3. I absolutely LOVE the topics above. I had to. It is simply not possible (at least for me) to craft a 200+ page book on topics I do not like.

4. I love to read. An essential trait to efficiently look for the required information! Also, an avid reader gets a sense of how to write well from the really greats of the craft. I my case, I read A LOT of popular science, from Sagan to Dawkins via Gould as well as many others. That said, I have a few select favorites.

5. I inquired academic presses for proposal submissions instructions. Usually academic presses accept proposals directly from the authors, without an agent involved. I don’t have one (yet…(;-)…). I simply took the attitude of “If I do not ask, there is a 0 % chance that they will say ‘yes’…“, and as you know, this attitude paid off!

6. I crafted the book proposal with great care. I treated like a due report to be graded, following the specific instructions, etc.

7. By sheer chance, I met a “coffee shop friend” who turned out to be a senior editor at a BIG academic publishing company. He gave me invaluable advice in navigating through contracts, etc… You see why is a great thing to be friendly and talk to people?

8. I wrote at every possible opportunity. I intended to honor my deadline (I did!) and I adhered to a consistent yet flexible schedule.

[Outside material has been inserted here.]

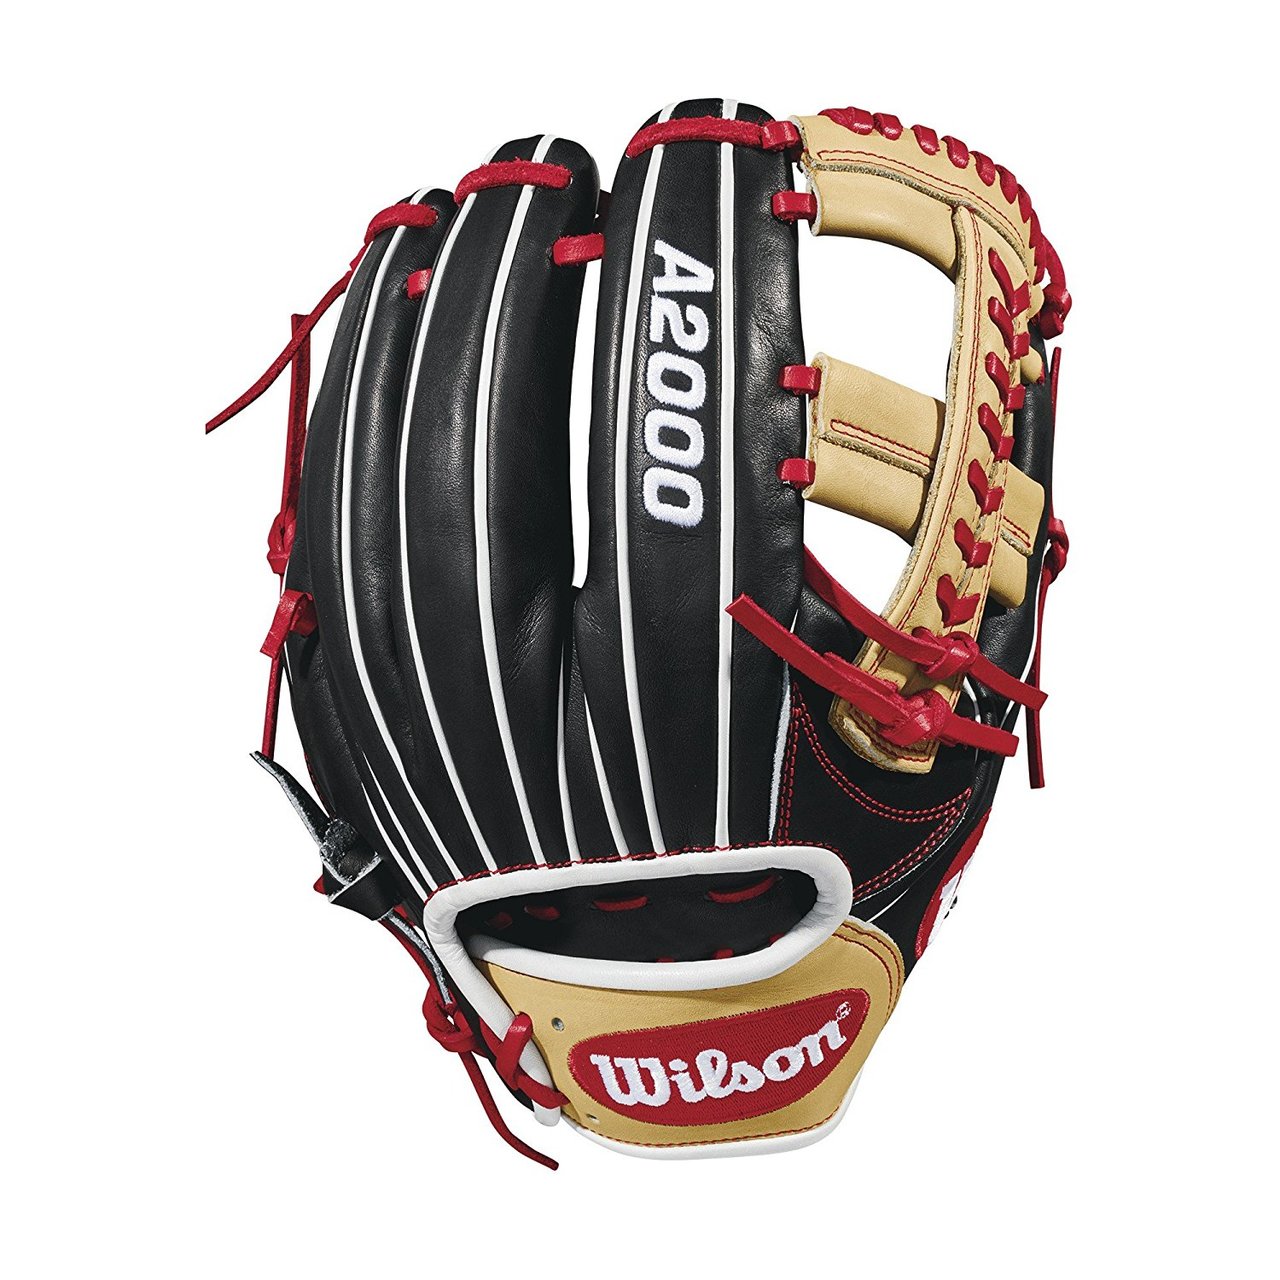 wilson-2018-a2000-1785-infield-baseball-glove-right-hand-throw-11-75 WTA20RB181785-RightHandThrow Wilson 887768614645 11.75 Cross web with Baseball stitch New pattern featuring gap welting
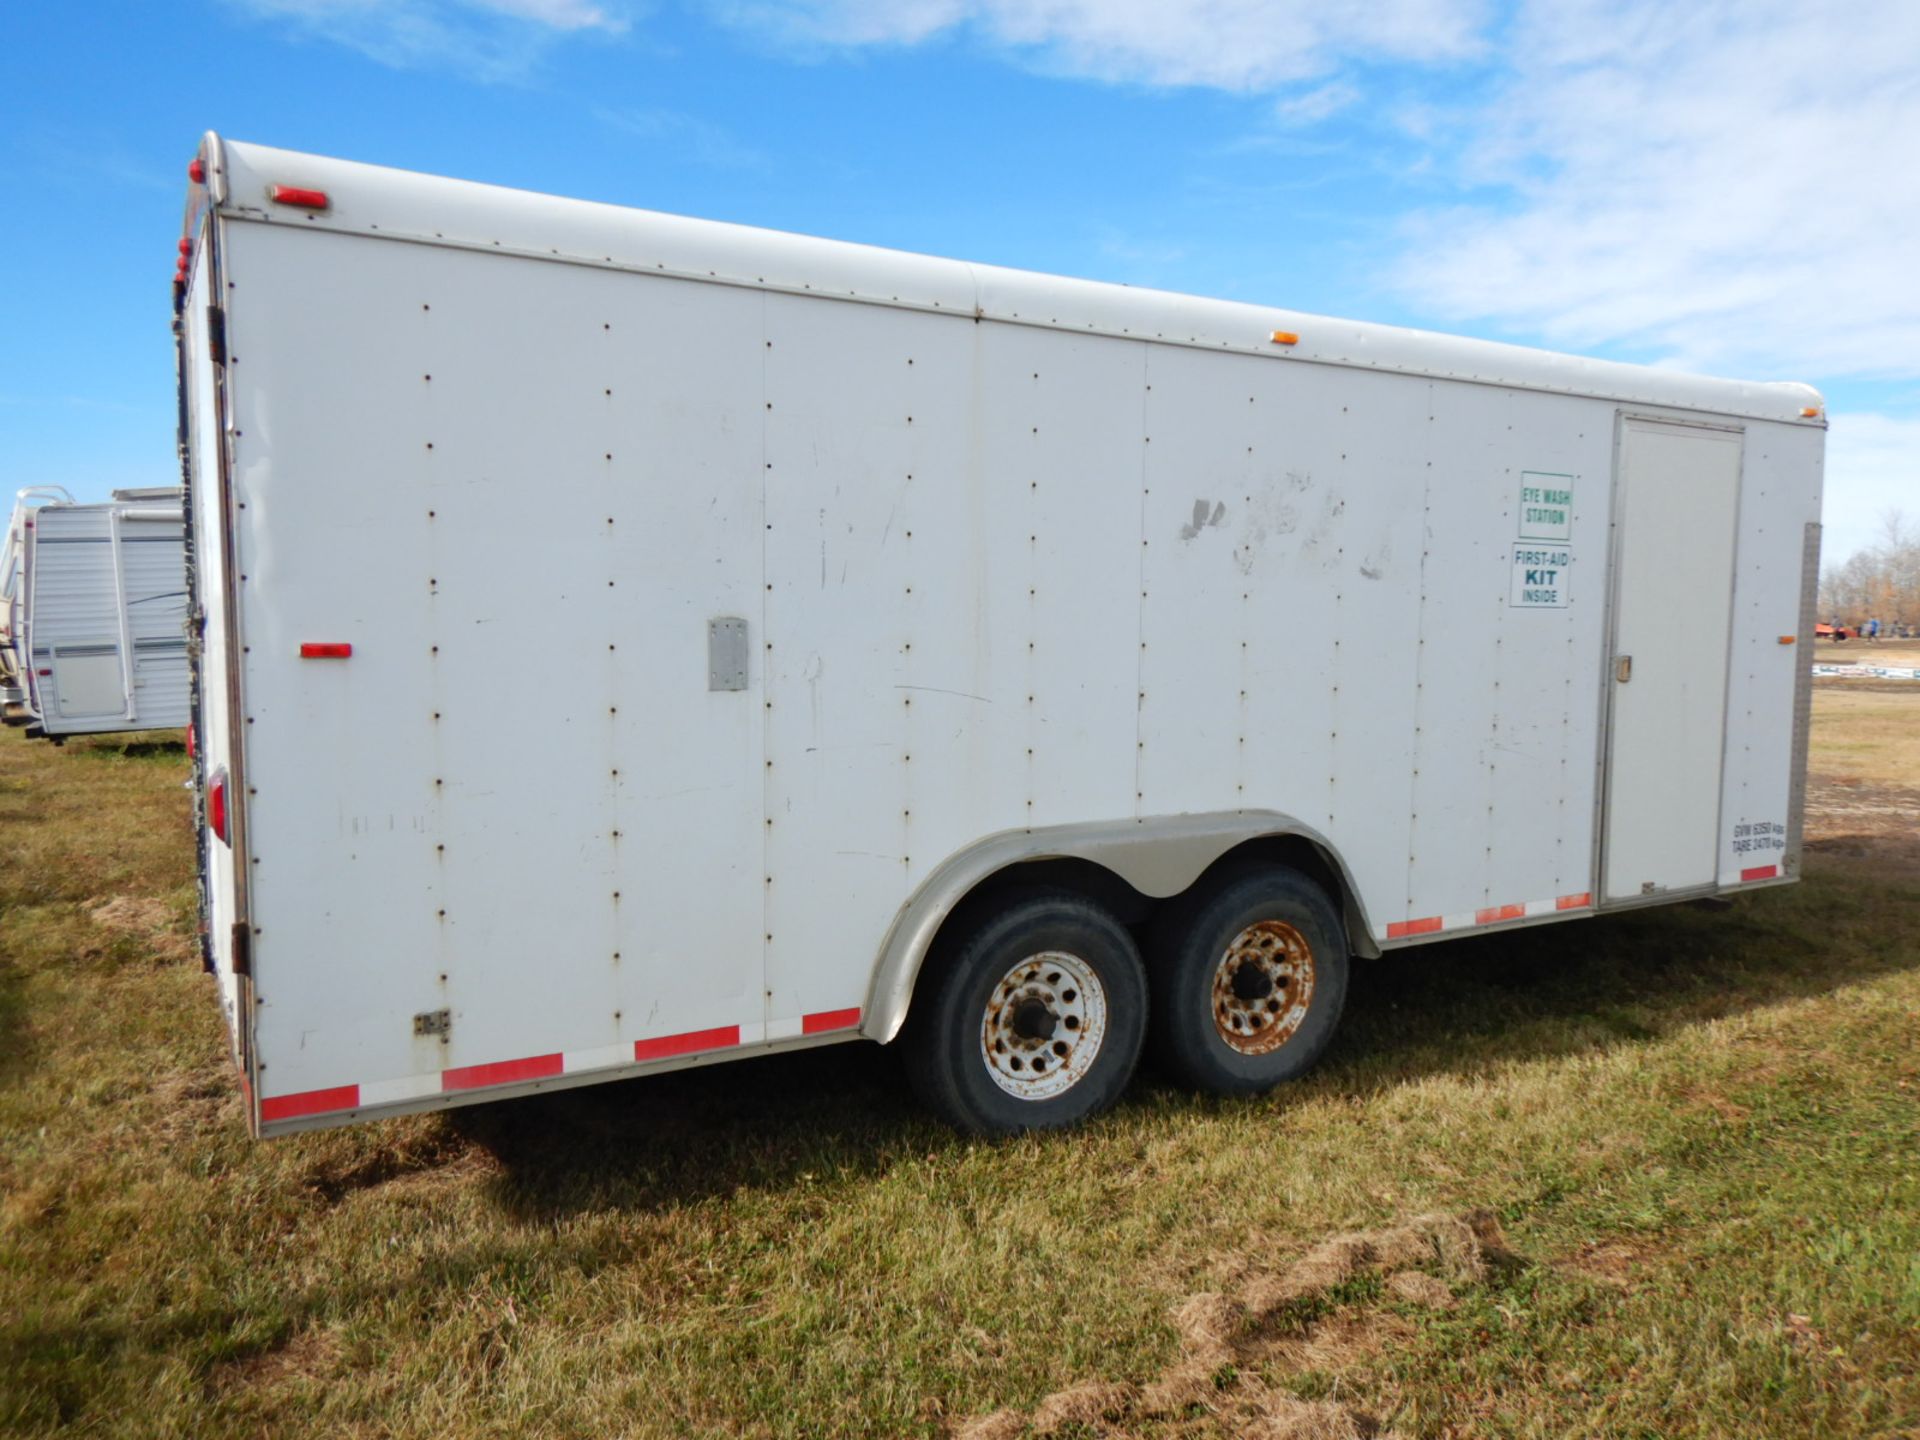 2004 20FTX8FT ENCLOSED TRAILER, T/A, GVWR 6350KG, BARN DOORS, S/N FC200418 - Image 4 of 6

9. I had simply awesome people on my side. Once the book was written I was fortunate to count on very talented editors and indexers. Their advice certainly improved the product. Literally closer to home, it is great to have a family that supports you, including my biggest fan shown below (take a look at the book’s dedication and acknowledgments section to see why).

10. I also had wonderful people who helped in many other ways. From the friend and colleague who came up with the book’s title to the friend and fellow blogger who read the whole thing and gave me invaluable advice; my brother, who drew many of the figures and a series of colleagues whom I interviewed over the phone or email. I also was blessed with people who sent me unique materials that simply enriched the book or helped me in other ways, as in translating Japanese papers into English. To all of you, thanks!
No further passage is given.